Dynamic Fault Monitoring: The Hardware Security Manager (HSM) collects error signals from various SoC modules in real-time (such as memory ECC errors, clock anomalies), triggering external safety MCU responses via SOC_ERROR GPIO.

FSI also integrates CHSM (Cryptographic Hardware Security Module), supporting SecOC (Secure Onboard Communication) and hardware-level key management, meeting the ISO/SAE 21434 cybersecurity standard.

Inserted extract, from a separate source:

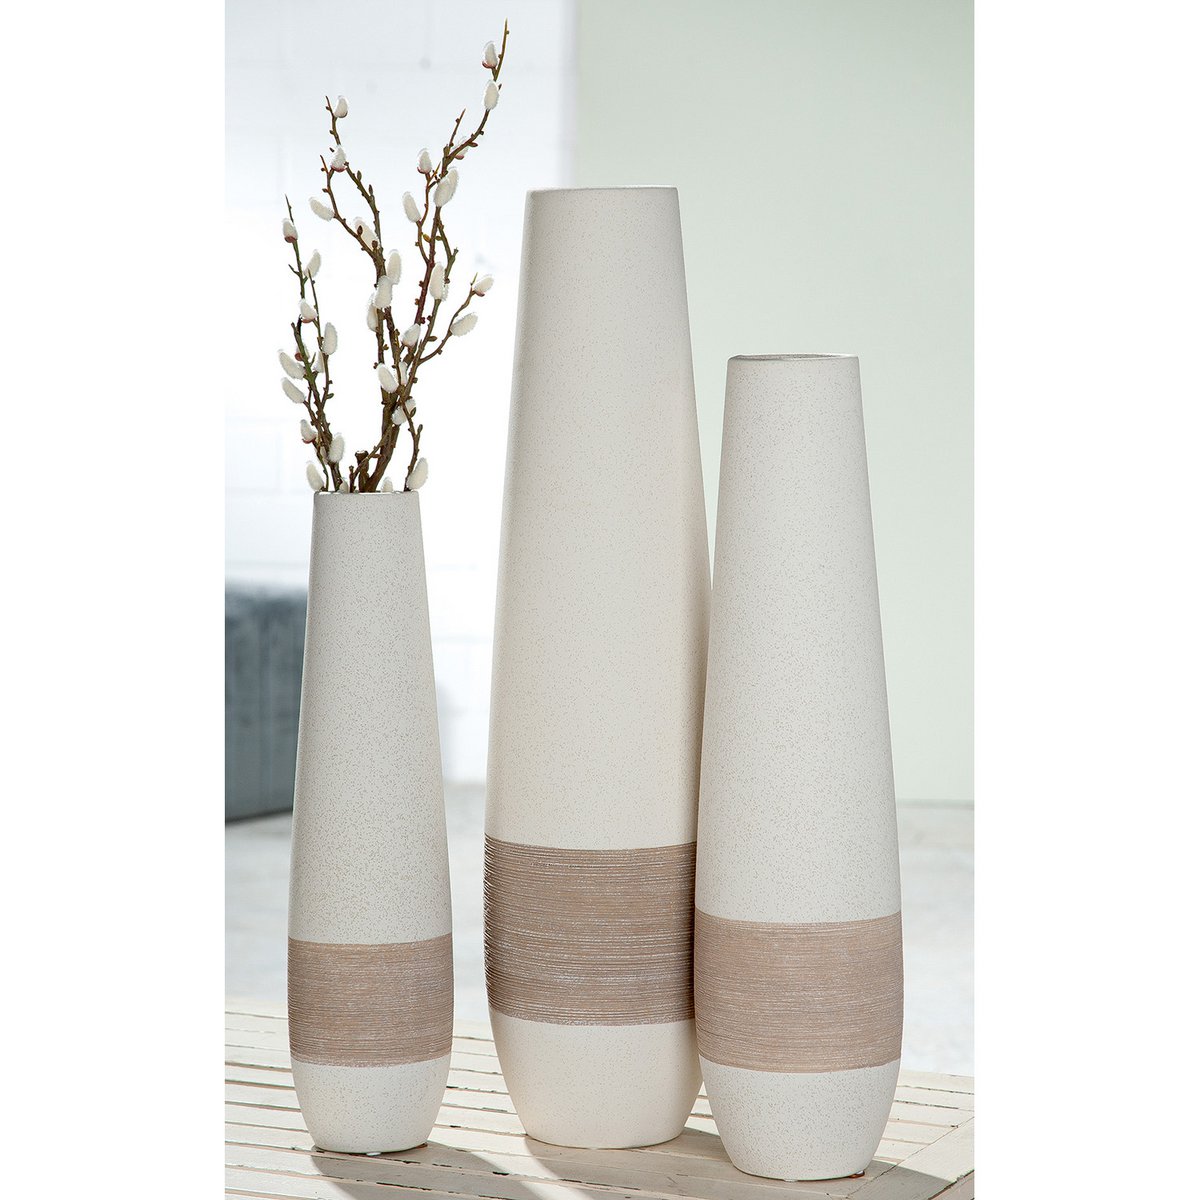 Vase, Blumenvase, Bodenvase OLBIA in weiß-creme aus Keramik

Computing Power Allocation Strategy: FSI provides approximately 10K DMIPS of ASIL-D computing power for running classic AUTOSAR operating systems, handling critical tasks such as brake control and sensor data validation, while the main CPU and GPU focus on AI inference (254 TOPS@INT8) and multi-sensor fusion. This division of labor not only frees up main computing resources but also ensures the real-time nature of safety functions.

Operating System and Task Scheduling

Microkernel Architecture: The Orin microkernel’s DRIVE OS uses an embedded virtualization platform to achieve functional isolation, with the safety island executing the AUTOSAR CP real-time operating system, and the main CPU executing AUTOSAR AP AI tasks, ensuring that safety tasks have higher priority than high-computing tasks.
Self-Healing Mechanism: FSI triggers periodic self-checks and error counter tracking hardware status, and when an unrecoverable fault is detected, it triggers a system reset or switches to a backup safety state, such as switching to redundant sensors when sensor transmission is interrupted.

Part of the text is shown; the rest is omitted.